# Sandy's first encounter with a toddler!



## saleenvp (Oct 1, 2014)

Took Sandy to the nature park on Sunday with my girlfriend, and after a long hike we sat down on a bench to give her some water. Next thing I know, there's a little girl about ten feet away, trying to make it to Sandy before her mom catches her. It caught all three of us off guard, and for a second i thought this was about to be a disaster...

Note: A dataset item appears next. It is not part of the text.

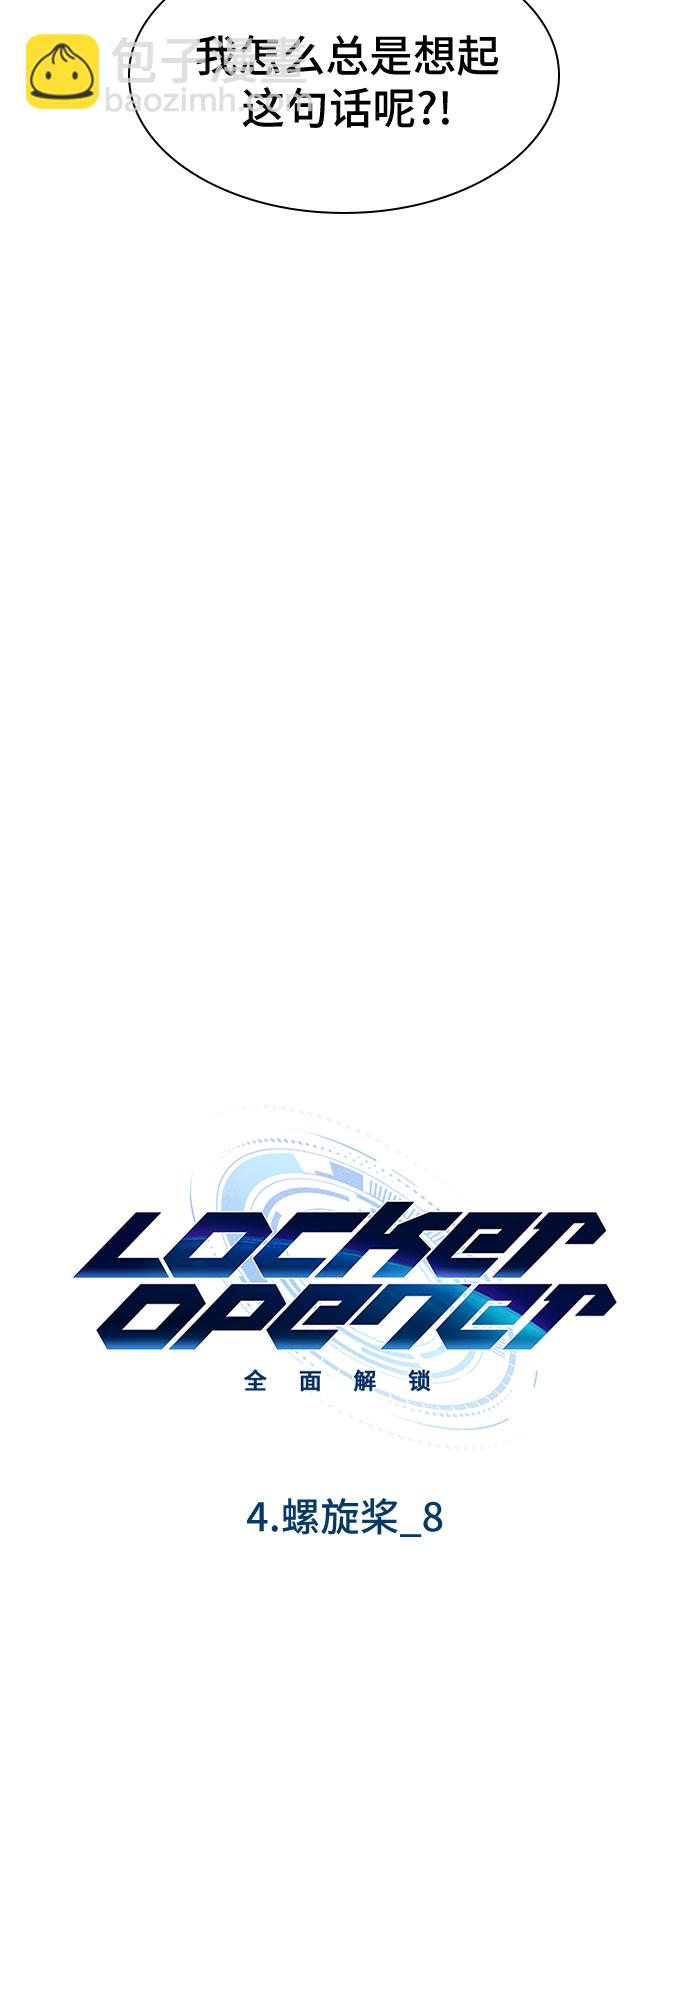 LOCKER OPENER 全面解鎖 - [第40話] 螺旋槳_8(1/2) - 6

Sandy looked up and saw the girl, and immediately wanted to jump and say hi (we're still working on that..). but i let out a firm "stay" and grabbed a hold of her leash. She planted her butt down and waited for the girl to approach. Told the girl to wait for her mom so she could make sure it was alright for her to put Sandy. Handed a treat to the girl, and told Sandy to greet. She took the treat gently and even tolerated the girl petting her ears (she barely even lets me do that). I was blown away that Sandy behaved so well in this situation. I think the mom and I were both a little nervous, but Sandy made me very proud!


----------



## car2ner (Apr 9, 2014)

YEAH! It seems some dogs have a sense about "human puppies". Ours is more gentle with toddlers than he is with me as well. Still, I always sit right next to his head because one poke in the eye or hand in the mouth (oh look at those big white teeth, can I touch them?) can change everything.


----------



## zetti (May 11, 2014)

Whew. Toddlers are a real temperament test.


----------



## Shade (Feb 20, 2012)

That's great!!


----------



## saleenvp (Oct 1, 2014)

my biggest fear with kids is her taking the treat with too much teeth. That can turn into "the doggy BIT me!!" way too easily.


----------